The worst part is feeling ignored and our symptoms not acknowledged. When I took a two month break from anastrozole, I mentioned to my VA onc (he was a resident from the neighboring U of Maryland) that it was nice for my hair to start thickening again. He said, "Anastrozole is not chemo." When he saw the look on my face, he backtracked and said, "I guess you're right." This was the same person who kept telling me I knew more about my cancer than he did. That seems to be the sad case when it comes to lobular, in particular. I am so looking forward to the ILC symposium at the U of Pittsburgh the end of this month!

On a positive note, the VA in Baltimore is assigning someone the position of Cancer Survivor Caregiver. The saddest and, obviously, most frustrating part of our treatment is the gap between our oncs and PCPs. The oncs treat the cancer and then walk out the door, leaving our poor PCPs (and us!) to try and figure out how to treat the symptoms from the cancer treatments. What we need are medical professionals who specialize in treating those new symptoms just as physical therapists take charge of the aftercare of surgical patients. First, they have to quit denying the side effects exist or say we should be grateful we have them instead of the alternative.

I will keep searching for any info on interval dosing.
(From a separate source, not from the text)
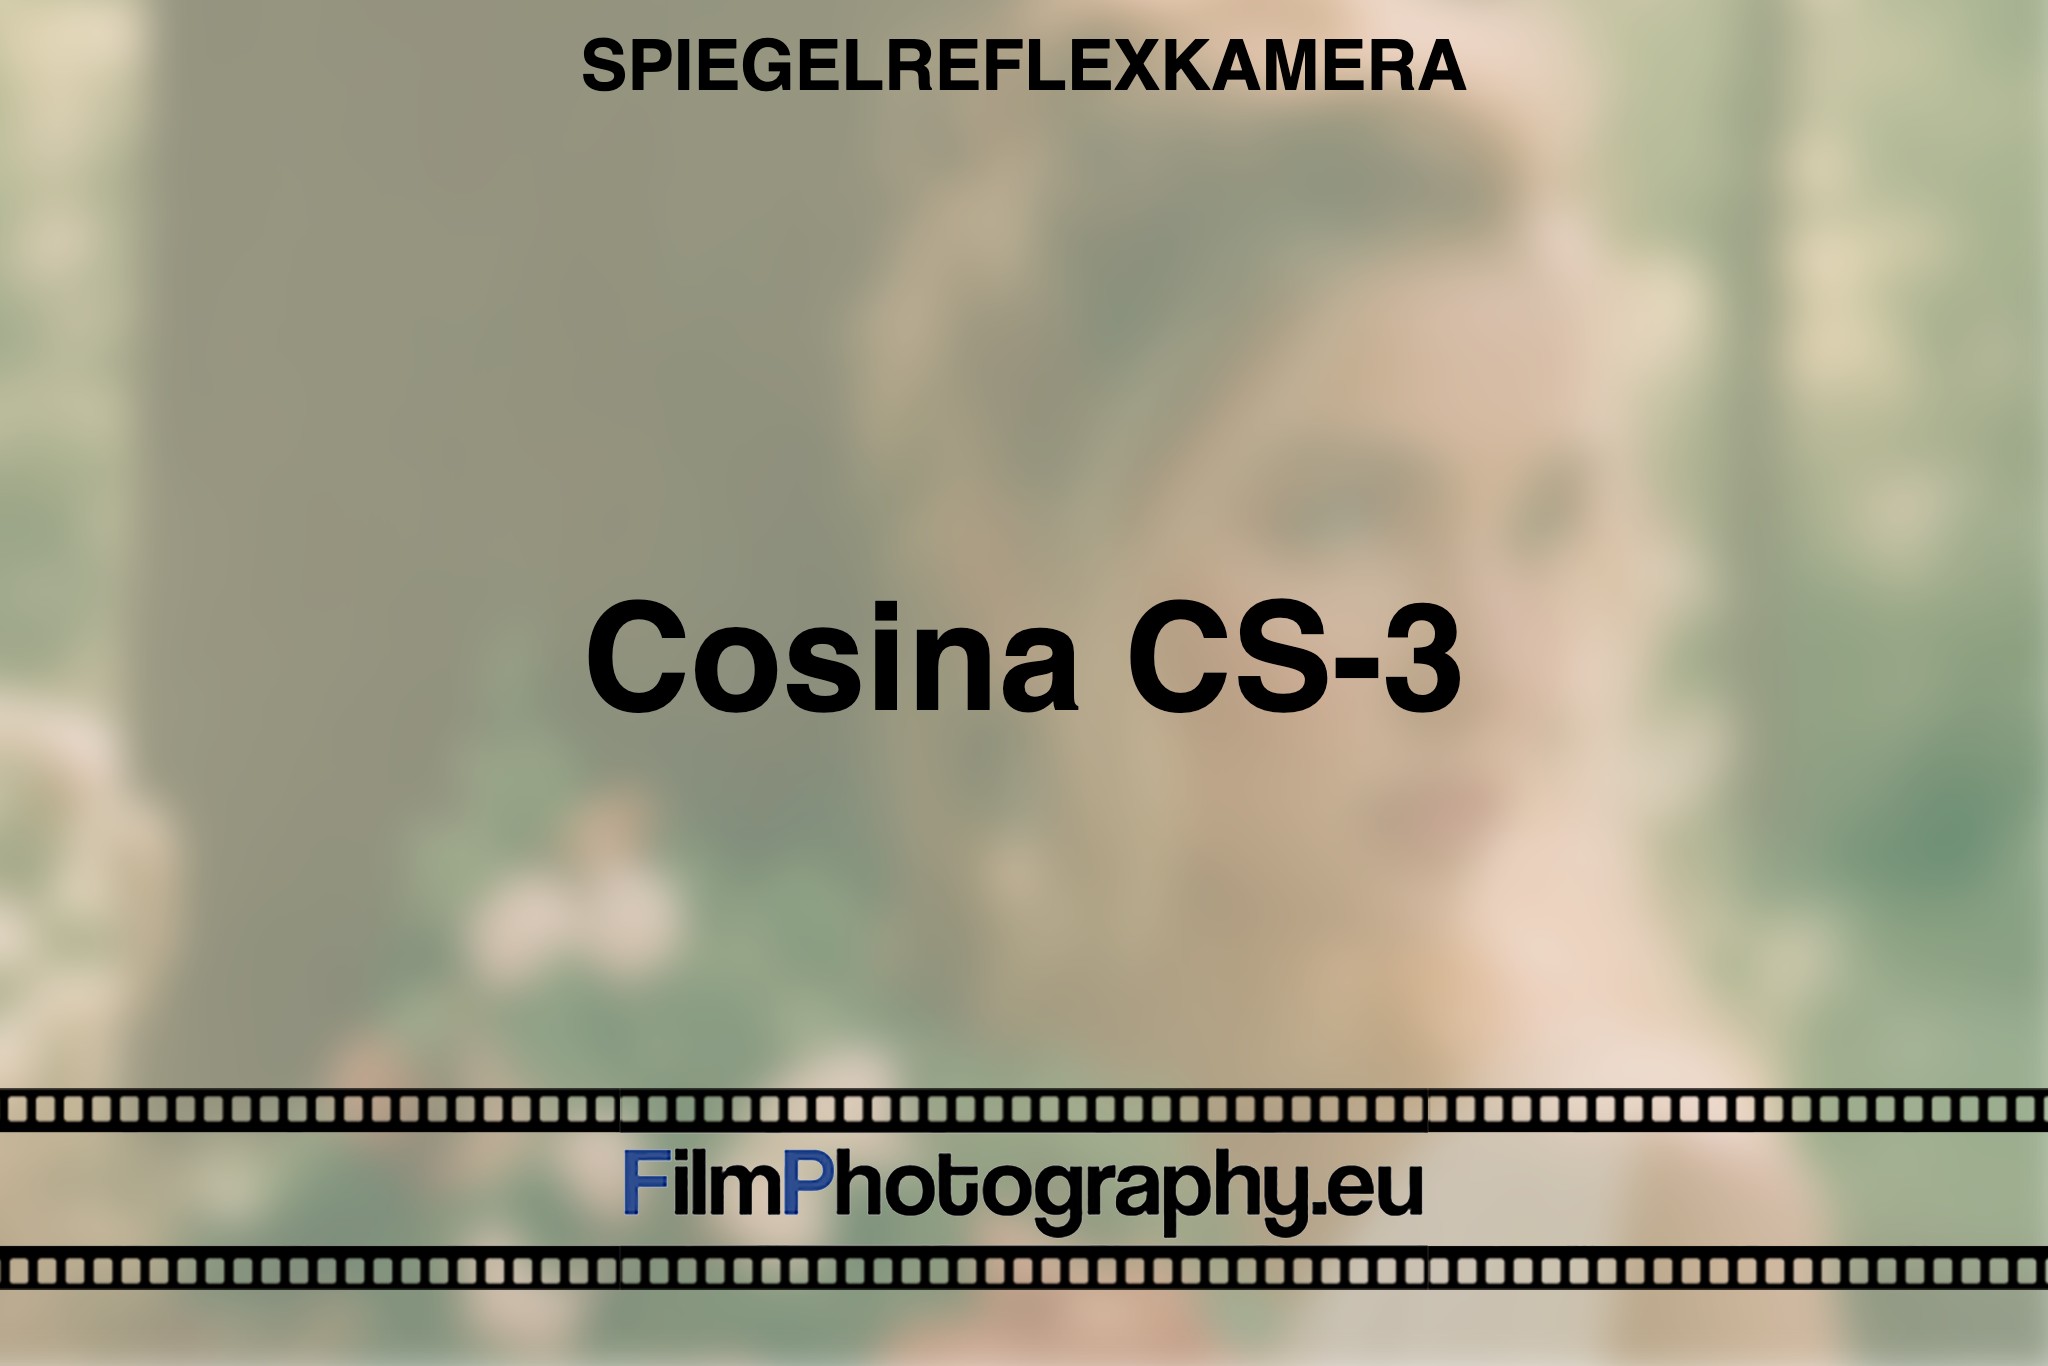 cosina-cs-3-spiegelreflexkamera-bnv

Maybe someone at the symposium will have looked into it. :-)

Peace and strength!

Sue

newfmama

I asked my new Naturopath/Oncologist whether it was okay to take breaks from Letrozole & she said it's not good to do that. It causes disruptions in our hormones & can cause the cancer cells to grow. Since our AI's only "pause" the cancer from being fed estrogen, any break gives those cells fuel.

It's quite depressing to know we have to take this drug the rest of our lives. I am grateful to be alive but the side effects suck

sueinfl

Thanks, Newfmama. I would not even consider a holiday if the side effects were not getting so much worse. I have been off a week now, and no improvement, yet. I have just added 5-Loxin/Boswellia to my supplements since studies have shown it to be more effective than placebo in improving osteoarthritic pain. I would love to give my stomach and intestinal tract a break from ibuprofen.

Sue

Meow13

I forgot how good I used to feel until I was off exemestane for 6 months. I dont want to go back to feeling crudy, tired pain etc.. But I do believe it helps keeping cancer away.

MargoChanning

Hi Newfmama, my understanding is that Aromatase Inhibitors are taken for 5 years (unless you are Stage 4). Recent research published this year shows that taking the AI's for 10 years results in a reduced incidence of recurrence (but unfortunately, not death from other diseases). But this has not been made an ASCO guideline yet. Were you told differently (that you have to take it the rest of your life)?

I cant imagine taking this the rest of my life, unless I could take an early retirement from work and I can't afford to do that. Not sleeping, memory loss, joint pain, dizziness have all made working so difficult for me. I've taken several breaks from AI's since starting 4 years ago, all under the supervision or suggestion of my oncologist. The first was in the first year, for 30 days, to rule out Letrozole as the source of dizziness and Vertigo (turned out it was). I know when I've been off the drug for about 3-4 weeks I start to feel like my old self, more energetic and not prone to depression.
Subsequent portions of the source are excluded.